Reputation: 61
Very new to Python and haven't found specific answer on SO but apologies in advance if this appears very naive or elsewhere already.
I am trying to print 'IncorporationDate' JSON data from multiple urls of public data set. I have the urls saved as a csv file, snippet below. I am only getting as far as printing ALL the JSON data from one url, and I am uncertain how to run that over all of the csv urls, and write to csv just the IncorporationDate values.
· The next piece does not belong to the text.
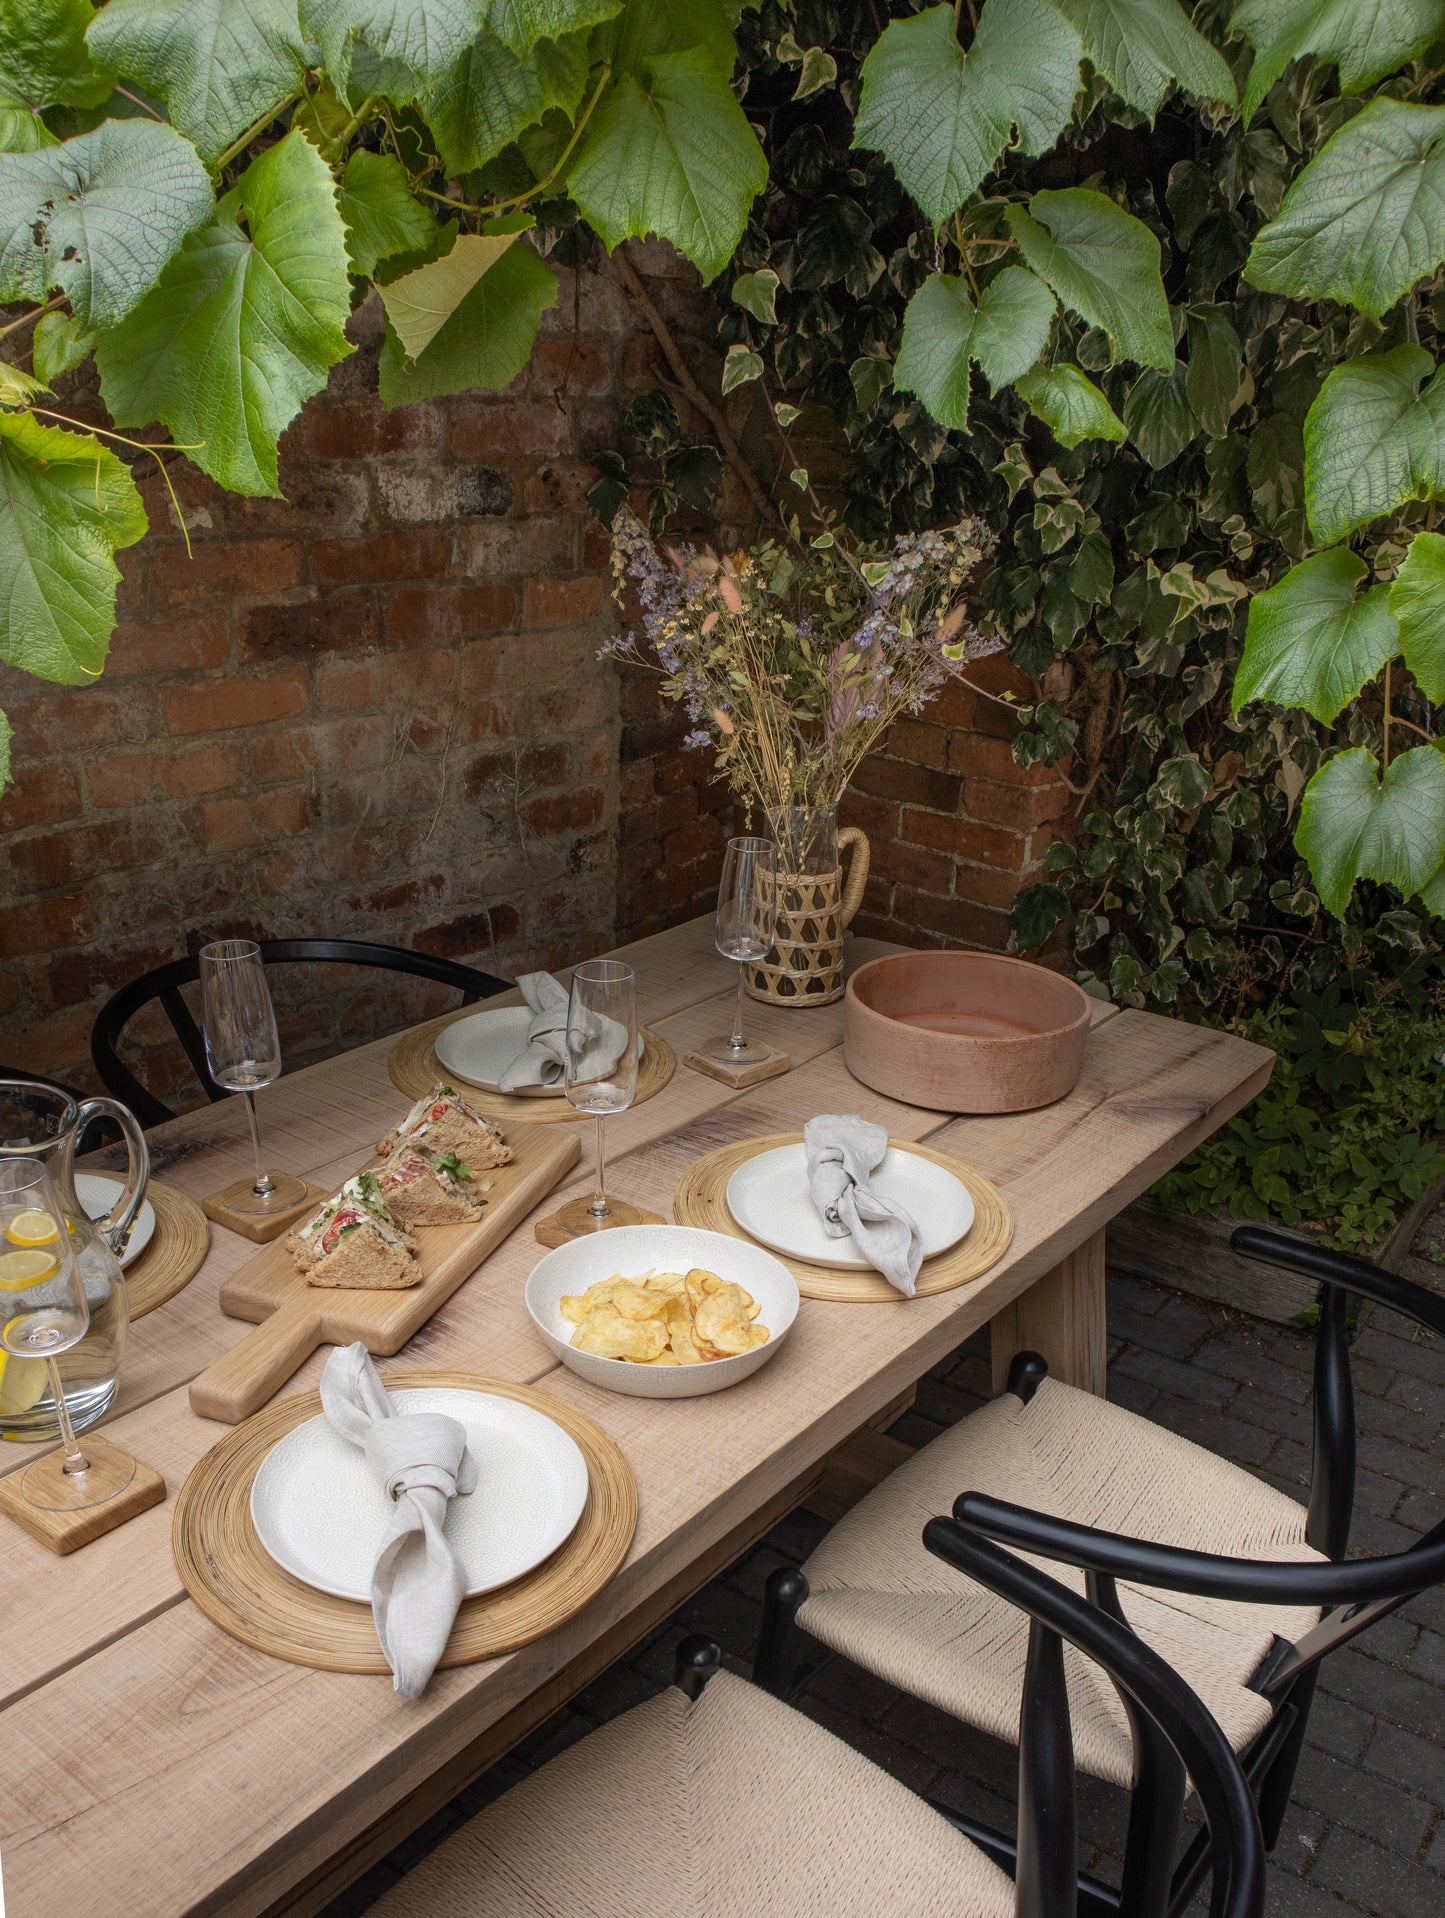 The Clover | Oak outdoor table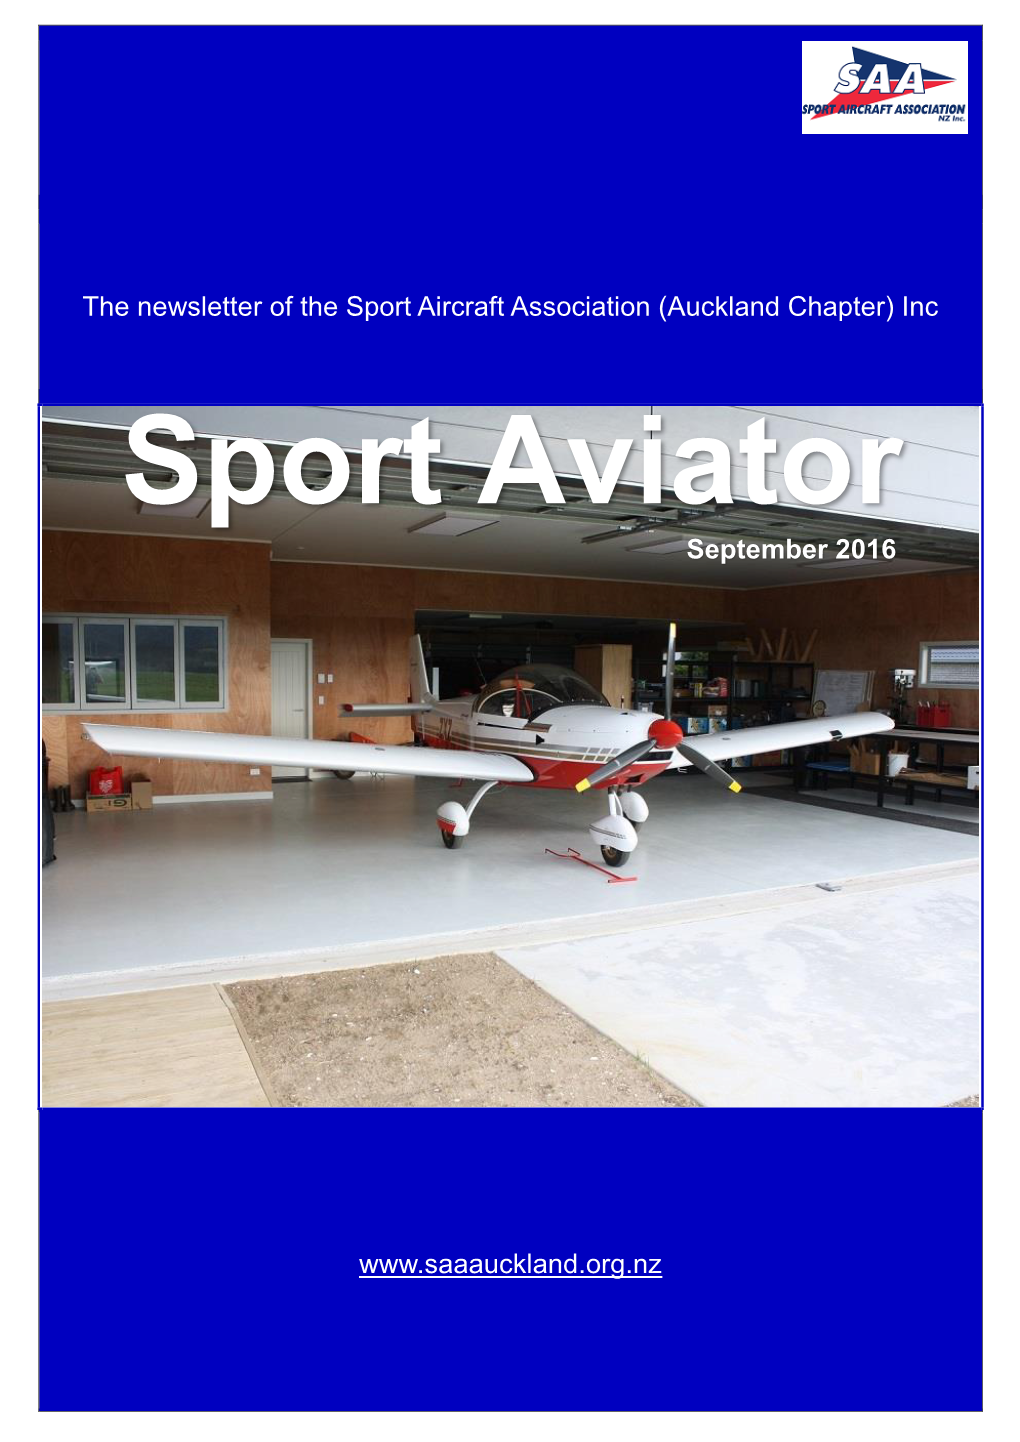 Newsletter of the Sport Aviation Association (Auckland Chapter)

Any basic guidance or edits are really welcomed!
try:
# For Python 3.0 and later
from urllib.request import urlopen
except ImportError:
# Fall back to Python 2's urllib2
from urllib2 import urlopen
import json
def get_jsonparsed_data(url):
response = urlopen(url)
data = response.read().decode("utf-8")
return json.loads(data)
url = ("http://data.companieshouse.gov.uk/doc/company/01046514.json")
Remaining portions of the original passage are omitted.